Abstract

Examining the evolution of medical education for women in a major city, this paper details the combination of private and public initiative, and the role of nonconformist denominational networks in Birmingham, one of the largest industrial and commercial centres of the British Empire. From the 1880s women gradually gained access to both higher education and professional training in medicine. This was necessarily underpinned by the growth of school science for girls. In this, the role of the new endowed and proprietary schools for girls was very significant in Birmingham but that of the School Board and LEA was also important, not least in demonstrating class and gendered attitudes in education and medicine. In theory from the 1880s and 1890s it was possible even for girls from elementary schools to proceed by way of scholarship both to secondary school and to university.
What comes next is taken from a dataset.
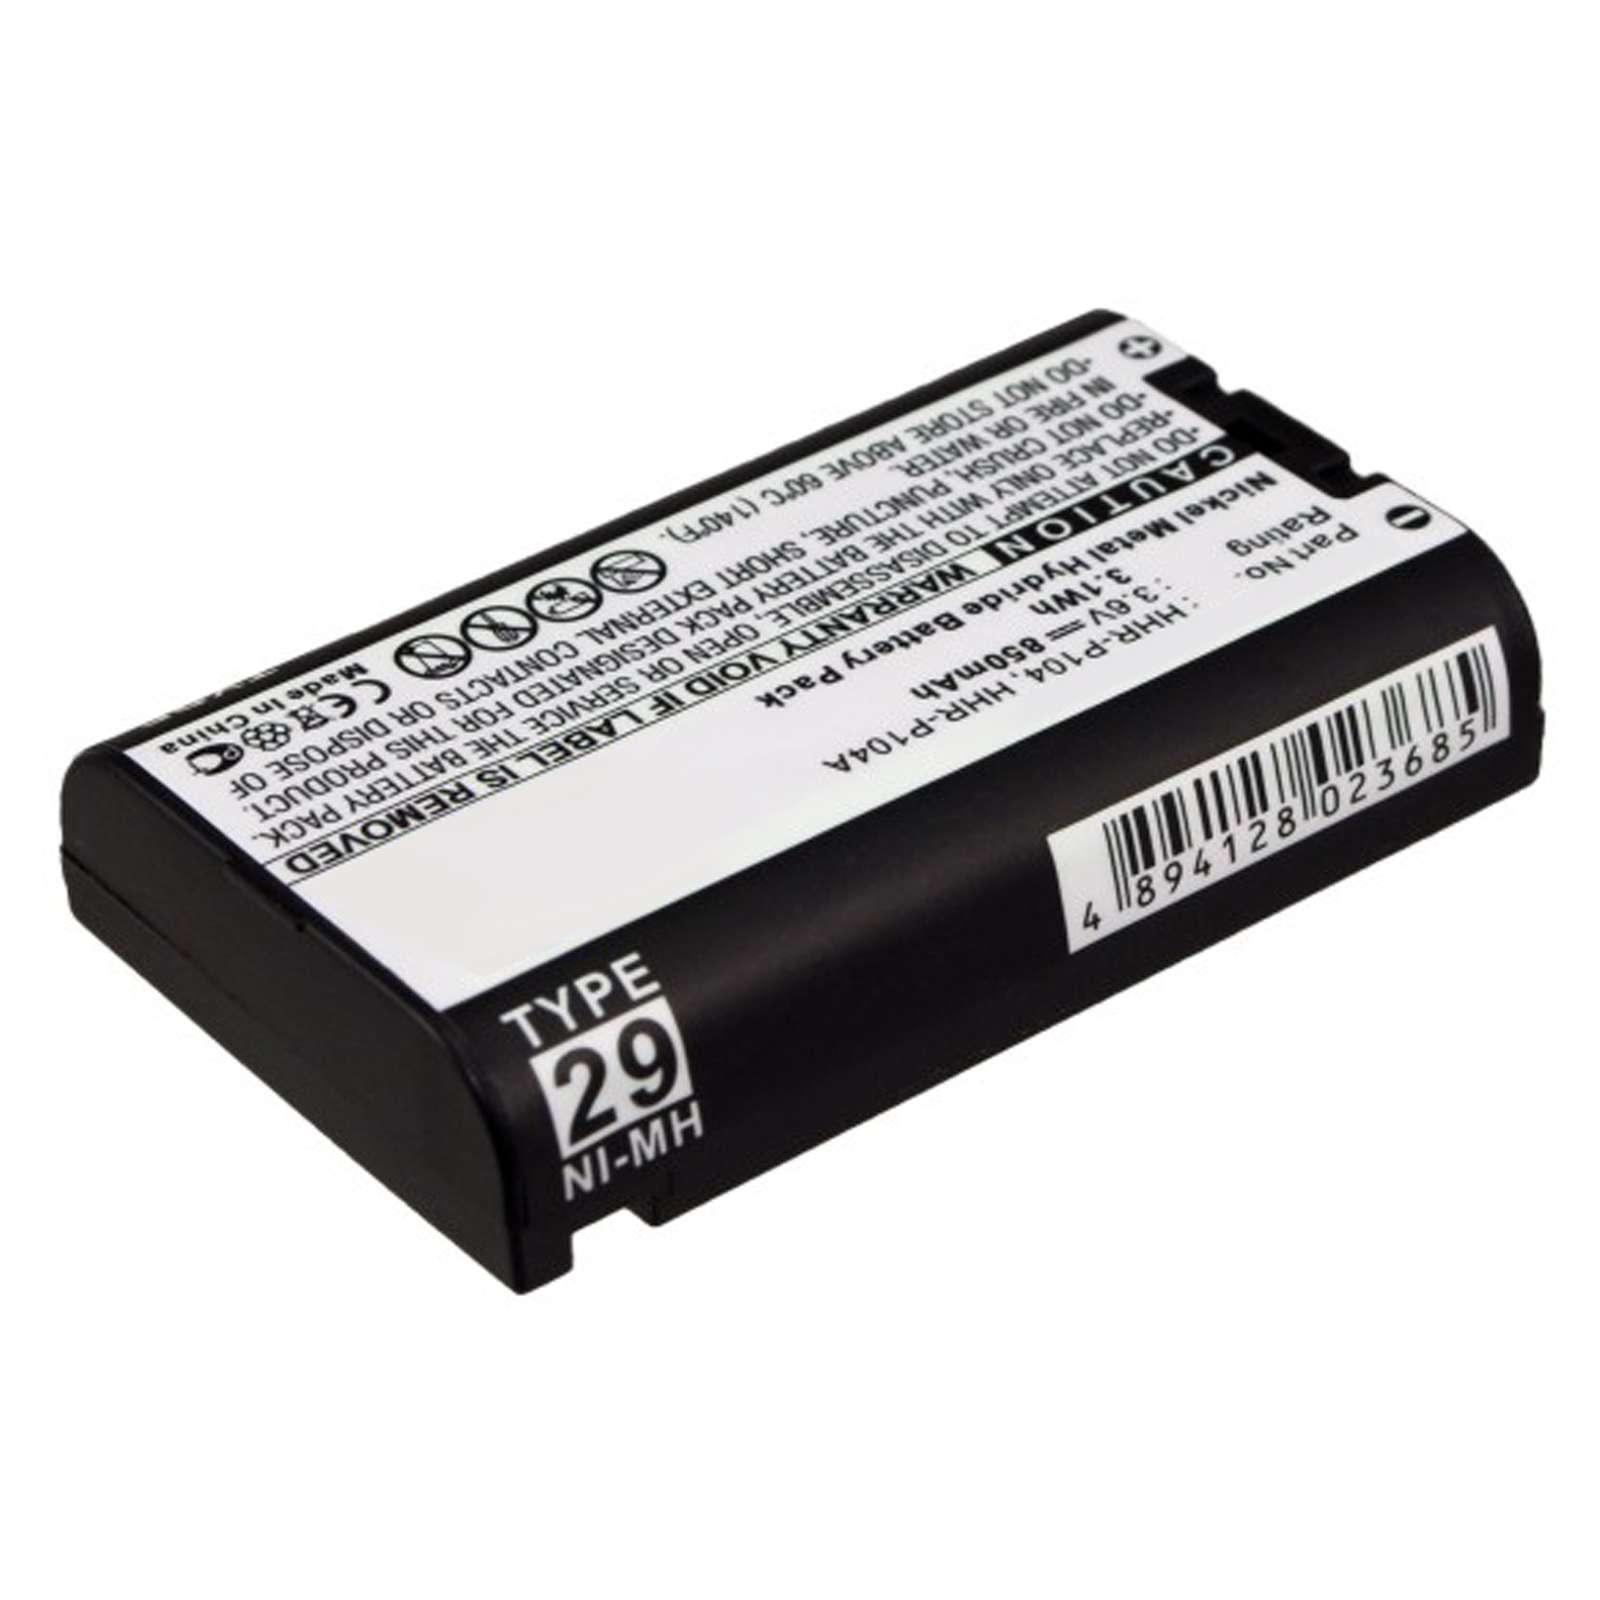 foto de Cordless Phone Battery EBCP 104 For Panasonic HHR P104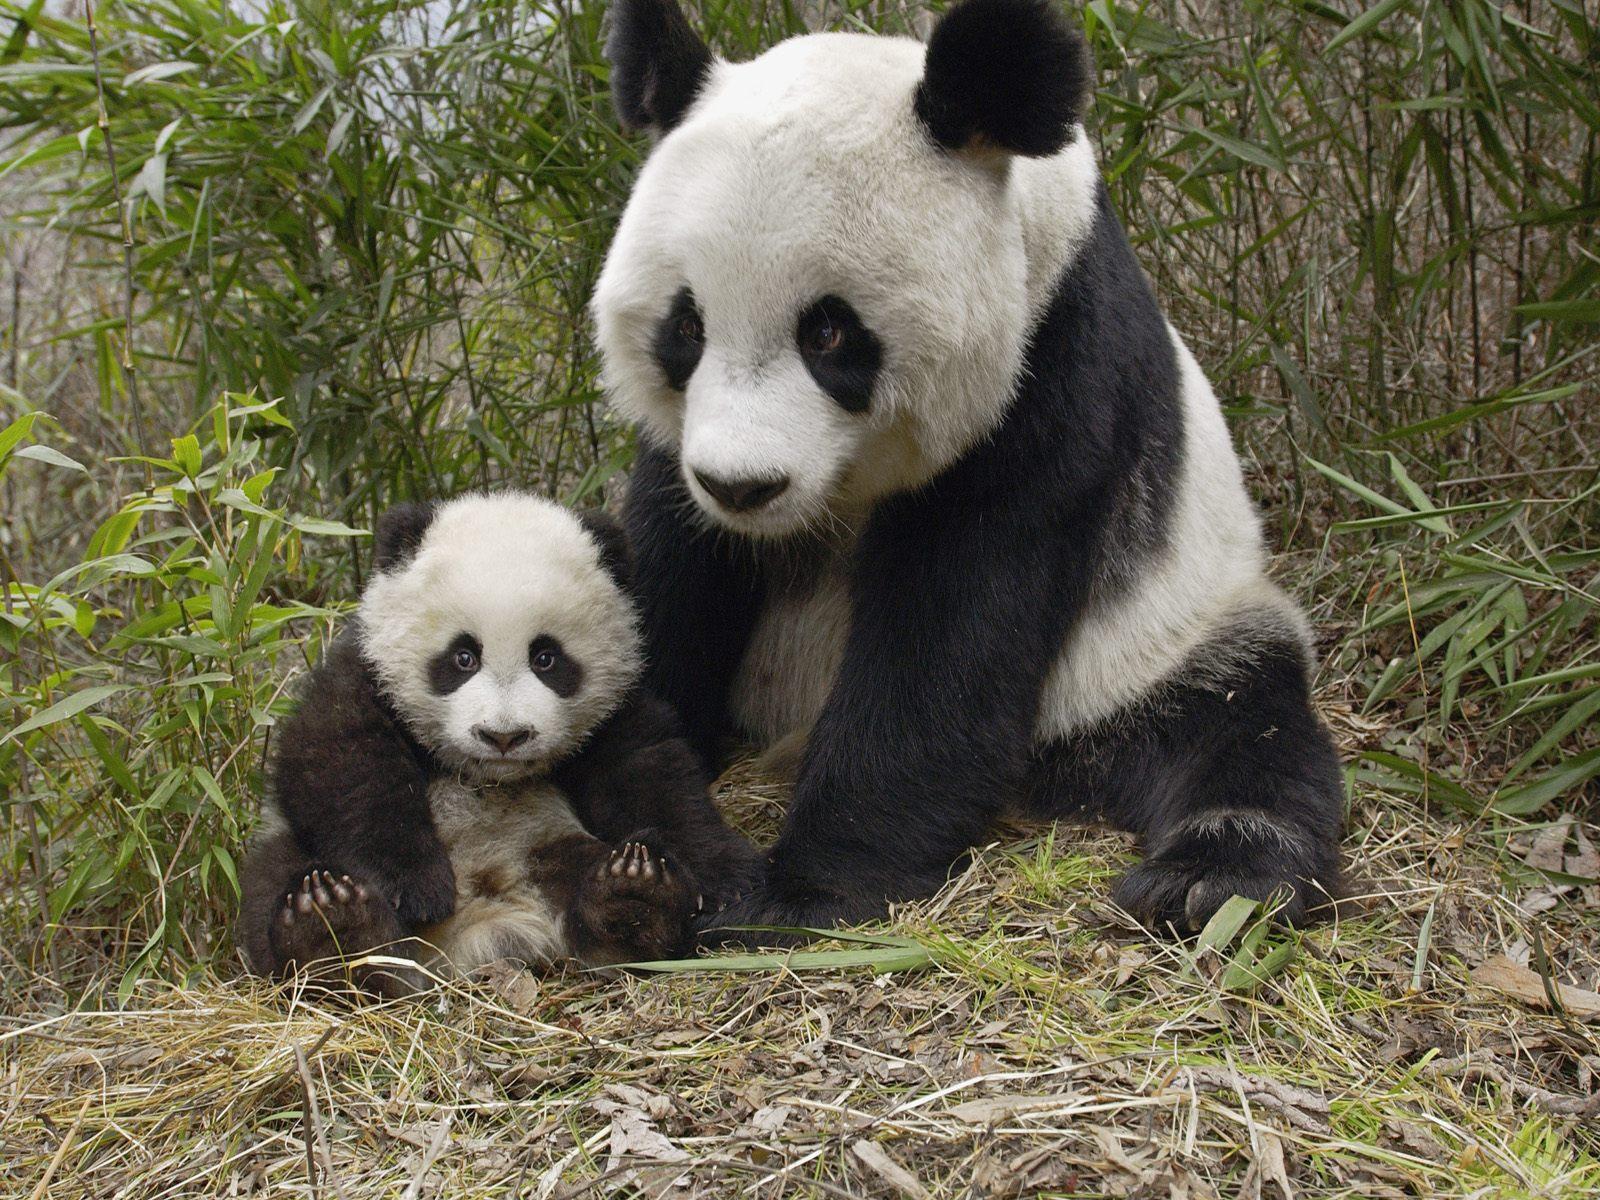 Mother and Baby Panda | Animals II | Pinterest | Pandas ...

Such educational opportunities expanded in early twentieth-century Birmingham yet always remained slimmer for girls. From 1900 the new university ostensibly gave equal rights to women in medical education as in all other studies. The university itself had grown out of local interests and patronage and saw itself as serving the local community. Birmingham’s liberal leaders believed in scientific education and social reform, including greater equality between the sexes, although contemporary cultural and social currents could militate against such high aspirations. Nevertheless, the university did take a lead in opening up medicine to women, allowing participation in professional life, for some at the highest levels, and serving the local city and regional community.